We were taken to a small, slightly secluded cubbyhole providing a good view of the other guests - perfect for people-watching - and a couch - perfect for seduction.

 

‘Come sit next to me here,’ I told Nina, patting the couch and she complied, putting her bag down next to her.

 

‘Cocktail? I asked.

 

‘Yes’, she said, and so I picked up the menu and suggested something randomly.

 

‘No, I do not like vodka,’ she said.

 

‘OK, well how about this one?’

 

She screwed up her face.

 

‘OK, get another Negroni,’ I told her.

 

She shrugged.

 

‘As you wish.’

 

‘I’ll order us a shisha too.’

 

‘You know, I used to be a shisha girl in Ukraine,’ she said. ‘Maybe I can select.
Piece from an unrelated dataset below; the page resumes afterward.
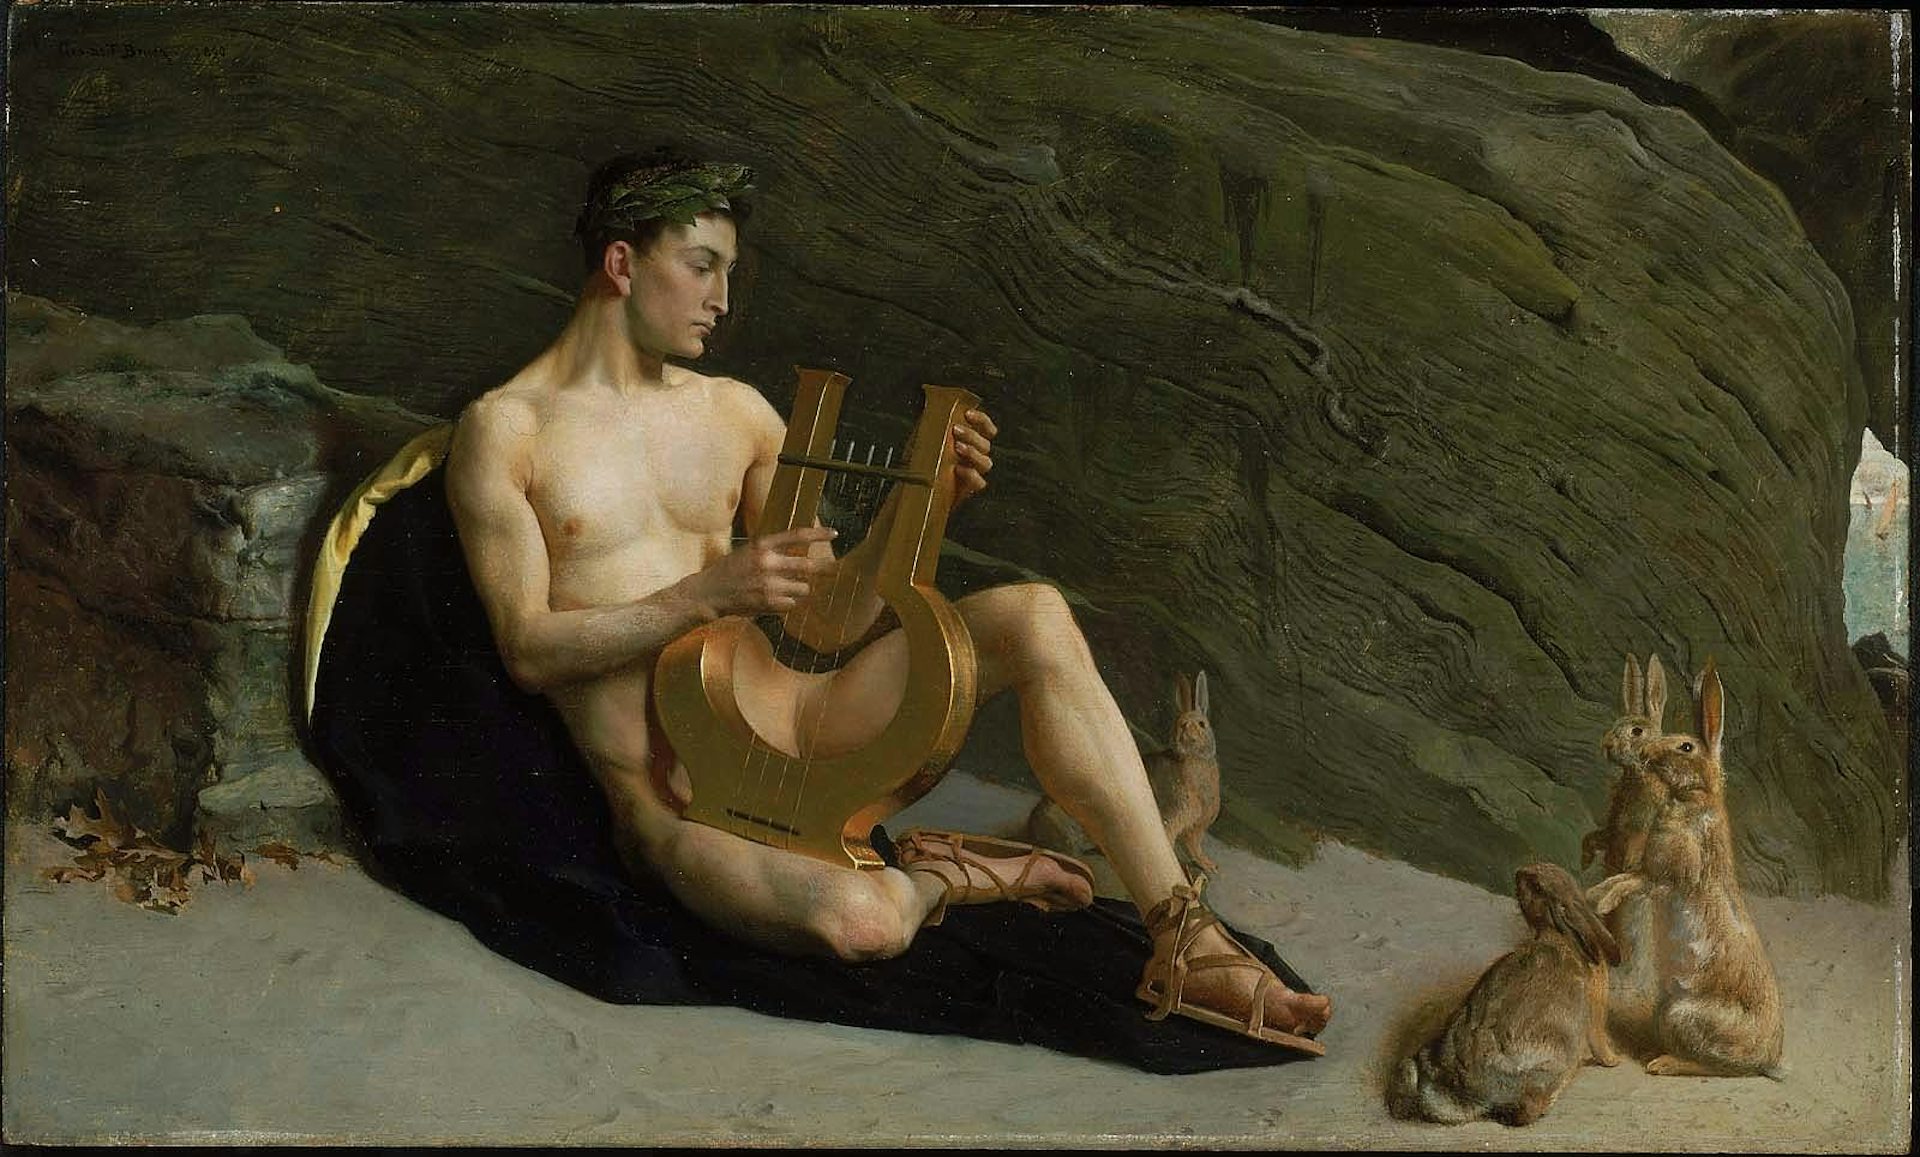 Orpheus by George de Forest Brush (1890)

I have smoked many, many shishas. I know what is good.’

 

Again, I felt the unmistakable force of a feminine frame grab. I have no doubt that Nina knows a damn sight more about hookah than I do, but it didn’t matter. If I allowed her to choose what we would drink and what we would smoke then all would be lost. And so when the shisha master appeared (yes, he really called himself that), I noisily overrode her and ordered a pipe I had enjoyed previously. And then I sank back into that deep leather couch and put an arm around Nina, who had now crossed her legs demurely next to me, and she lent into me placidly enough, her pretty head on my shoulder. And Russian pop music played and the thought rushed quickly through my mind that, were I to die here tonight, it wouldn’t be an altogether bad way to go.

 

‘You know they show Playboy videos in the toilets,’ I told Nina

 

‘Really?’ She perked up, seemed interested.

 

‘Yeah - naked women cavorting around with one another on-screen while you use the restroom’ I said.

 

‘Cool’, she responded.

 

A woman in London would probably have reported the venue to the authorities for misogyny, but Russia is a very different sort of place. But it was true - video screens in the bathrooms showed luxurious clips of beautiful women, sometimes solo, sometimes in faux-lesbian clinches with other girls, dancing naked onscreen for the punters’ delectation. I approved - it was a nice, seedy touch, reminiscent of the porn video cabins you sometimes still see in European cities, or a time many years ago when clubs would sometimes show erotic films as an accompaniment to the house music they played, a decadent gesture that would no longer be tolerated in the West.

 

‘Well women’s bodies are far more beautiful than men’s’, she said.

 

‘I can only concur,’ I purred into her ear.

 

I had a sense that this was going to be a very interesting evening.